鄭門にはひると、俄かに松風が吹きあてるやうに響いた。
一町も先に、堂伽藍が固まつて見える。――そこまで、ずつと砂地である。白い地面に、広い葉が青いまゝでちらばつて居るのは、朴の葉だ。
まともに、寺を圧してつき立つてゐるのが、二上山《ふたかみやま》[#「二上山」は底本では「二山上」]である。其真下に、涅槃仏のやうな姿に寝てゐるのが、麻呂子山だ。其頂がやつと、講堂の屋の棟に乗つてゐるやうにしか見えない。
こんな事を、女の身で知つて居る訳はない。だが俊敏な此旅びとの胸には、其に似たほのかな綜合が出来あがつて居たに違ひない。暫らくの間、懐しさうに薄緑の山色を仰いで居る。其から赤色の激しく光る建て物へ、目を移して行つた。
此寺の落慶供養のあつたのは、つい四五日|前《あと》であつた。まだ其日の喜ばしい騒ぎの響きが、どこかにする様に、麓の村びと等には感じられて居る程なのだ。
山|颪《おろし》に吹き暴《さら》されて、荒草深い山裾の斜面に、万蔵法院《まんざうはふゐん》のみ燈《あかし》の煽られて居たのに目馴れた人たちは、この幸福な転変に目を※[#「目+爭」、第3水準1−88−85]つて居るだらう。此郷近くに田荘《ナクドマル》を持つて、奈良に数代住みついた豪族の一人も、あの日は帰つて来て居た。此は天竺の狐の為わざではないか、其とも、此葛城郡に昔から残つてゐる幻術師《まぼろし》のする迷はしではないかと、廊を踏み鳴し、柱を叩いて見たりしたものである。
数年前の春の初め、野焼きの火が燃えのぼつて来て、唯一宇あつた堂が、忽痕もなくなつた。其でも、寺があつたとも思ひ出さぬほど、微かな昔であつた。
以前もの知らぬ里の女などが、其堂の名に不審を持つた。当麻の村にありながら、山田寺と言つたからである。山の背の河内の国|安宿部《あすかべ》郡の山田谷から移つて二百年、寂しい道場に過ぎなかつた。其でも一時は倶舎《くしや》の寺として、栄えたこともあつたと伝へて居る。
飛鳥の御世の、貴い御方が、此寺の本尊を夢に見られて、おん子を遣され、堂を修理し、僧坊が建てさせられて居た。
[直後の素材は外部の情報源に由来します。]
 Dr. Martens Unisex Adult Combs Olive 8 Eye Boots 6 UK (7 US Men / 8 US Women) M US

追追、境内になる土地の縄張りの進んでゐる最中、その若い貴人が、急に亡くなられた。都からお使ひが見えて、其ほど因縁の深い土地だから、墓はそのまゝ其村に築くがよいとのことであつた。其お墓のあるのが、あの麻呂子山だと言ふ。其縁を引いて、其郷の山には、後にも貴人をお埋め申すやうな事が起つた。
だが、此は唯、此里の語りの姥の口に、さう伝へられてゐると言ふに過ぎないことであつた。纔《わづ》かに百年、其短い時間も文字に疎い生活には、さながら太古を考へると同じことである。
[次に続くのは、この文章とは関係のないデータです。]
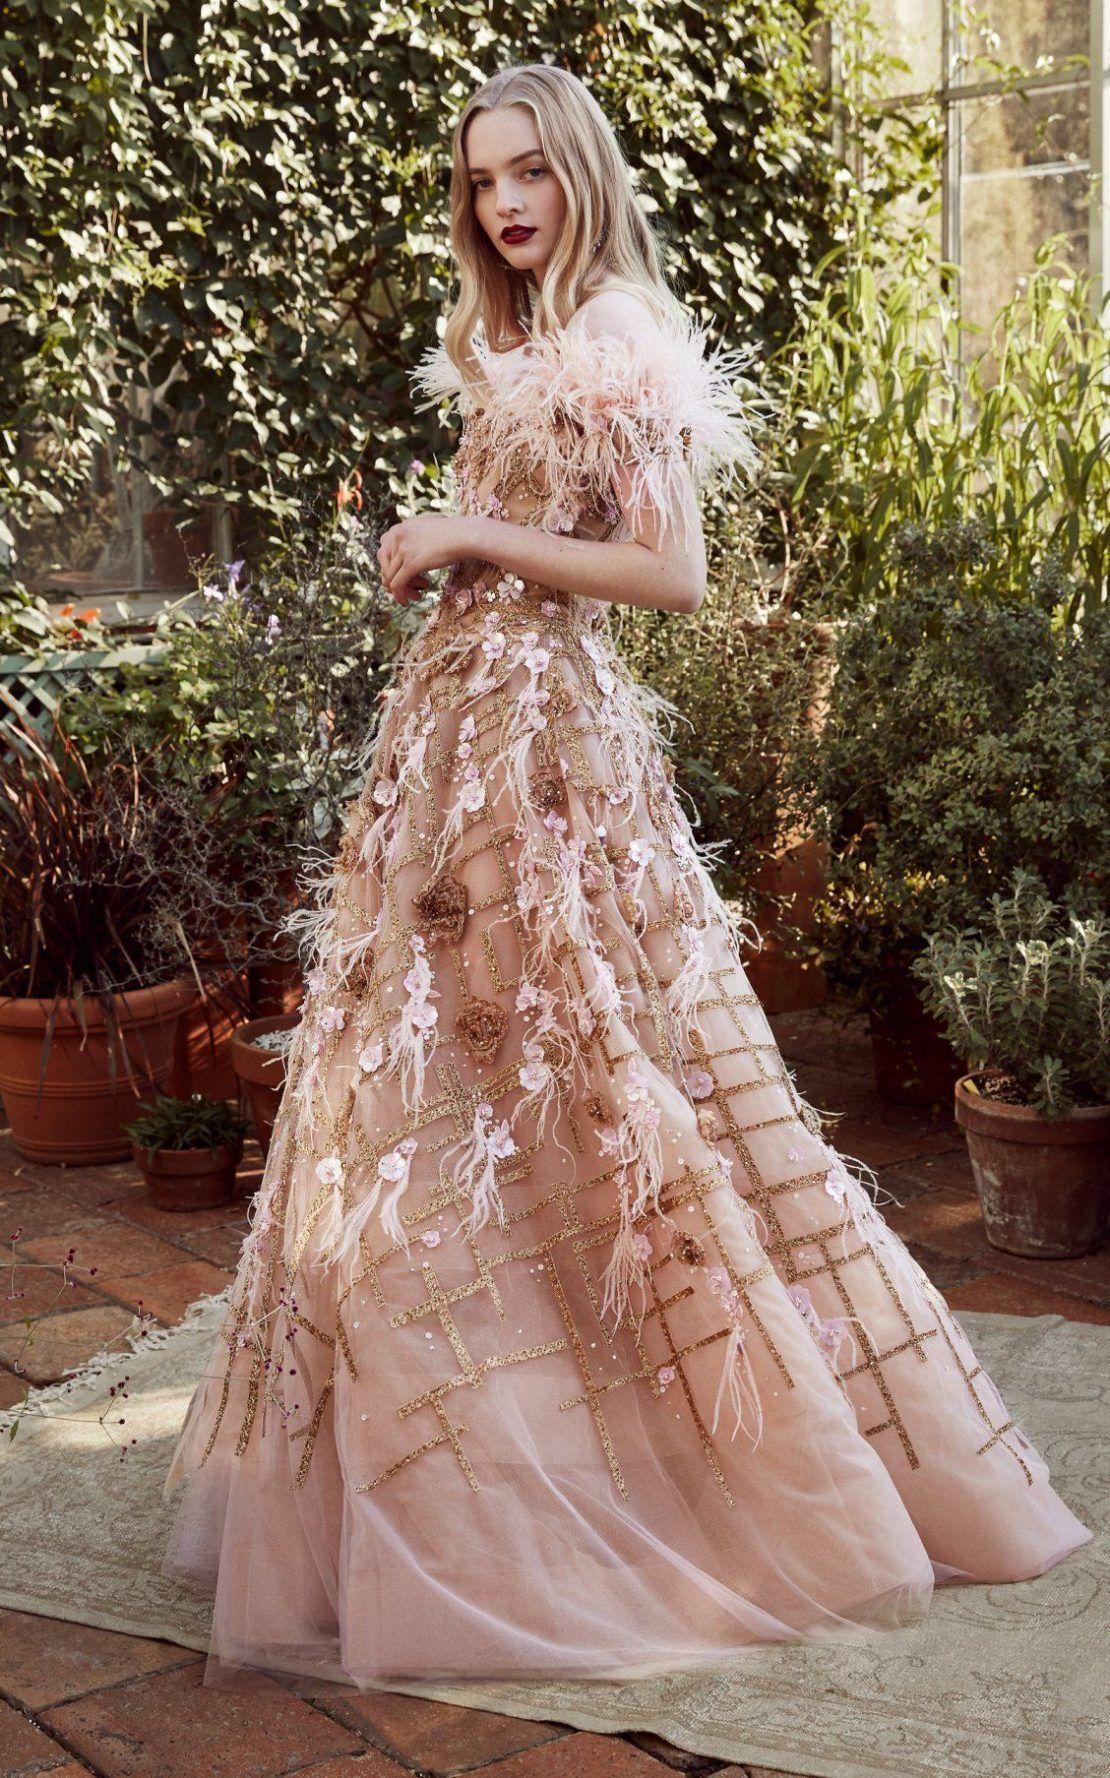 Feather Dress Romantic Look

旅の若い女性《によしやう》は、型摺りの美しい模様をおいた麻衣を著て居る。笠は浅い縁《へり》に、深い縹《はなだ》色の布が、うなじを隠すほどにさがつてゐる。
日は五月、空は梅雨《つゆ》あがりの爽やかな朝である。高原の寺は、人の住む所から、自ら遠く建つて居た。唯凡、百人の僧俗が、寺中に起き伏して居る。其すら、引き続く供養饗宴の疲れで今日はまだ、遅い朝を姿すら見せない。
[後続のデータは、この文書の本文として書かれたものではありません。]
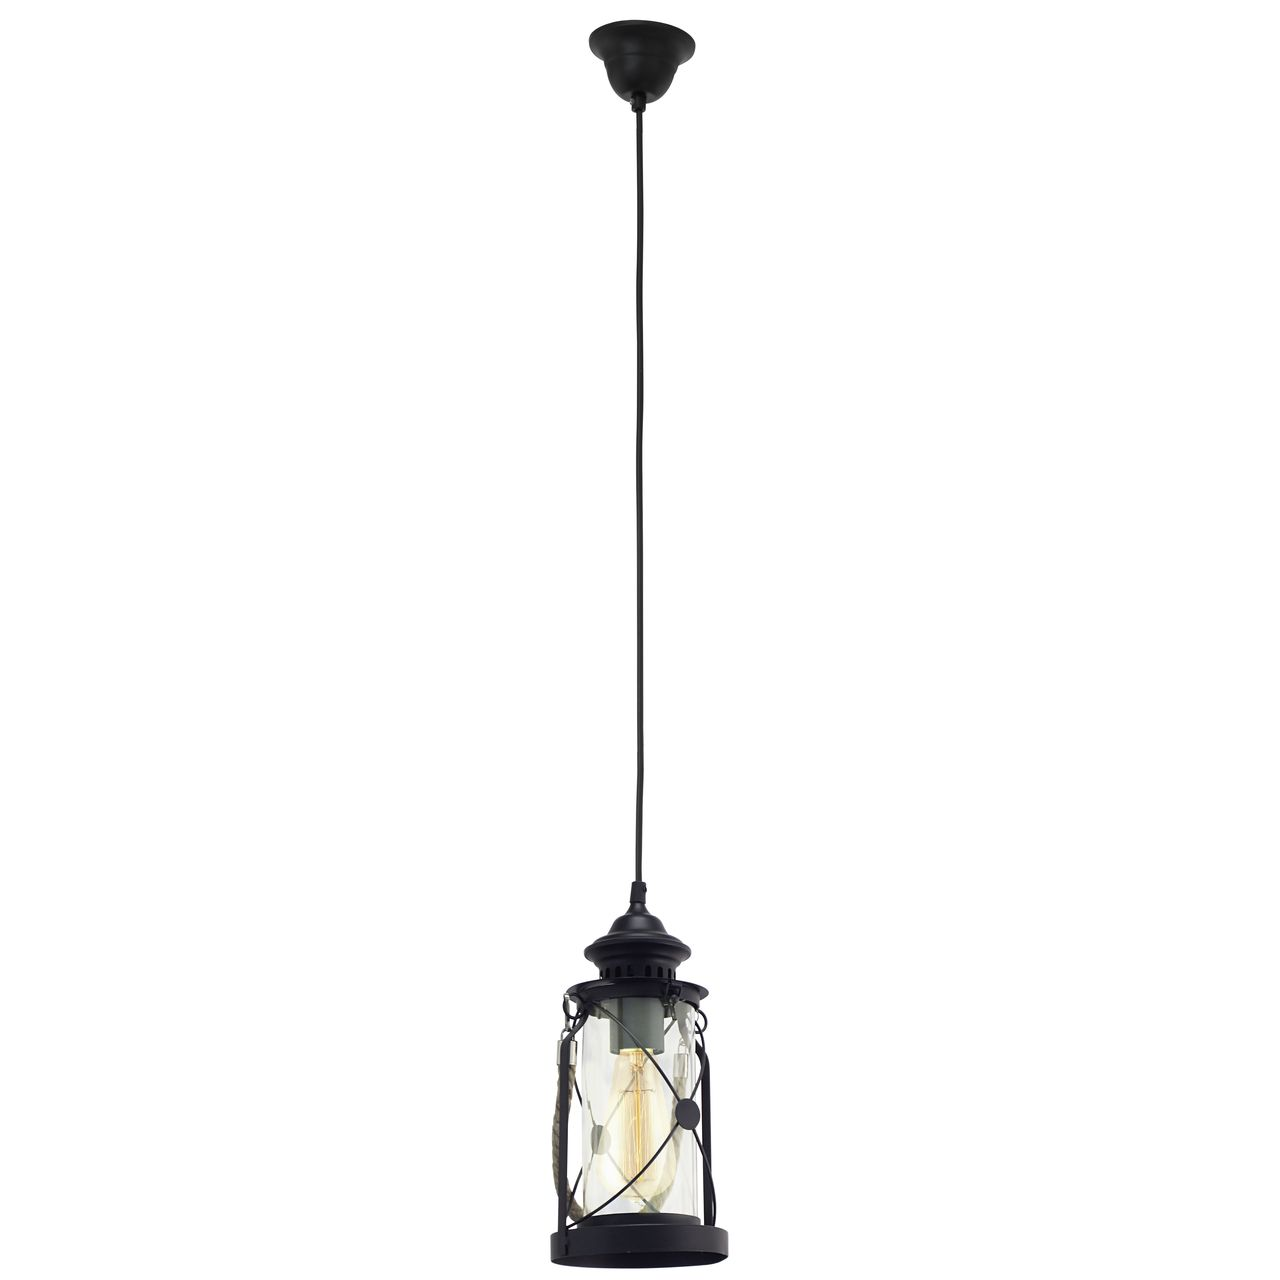 Подвесной светильник Eglo Vintage 49213 абажур eglo vintage 49659

女は、日を受けてひたすら輝く伽藍の廻りを残りなく歩いた。
寺の南境は、麻呂子山の裾から、東へ出てゐる長い崎が劃つて居た。其中腹と、東の鼻とに、西塔、東塔が立つて居る。丘陵の道をうねり乍ら登つた旅びとは、東塔の下に出た。
其でも薄霧のかゝつたやうに、雨の後の水気の立つて居た大和の野は、すつかり澄みきつた。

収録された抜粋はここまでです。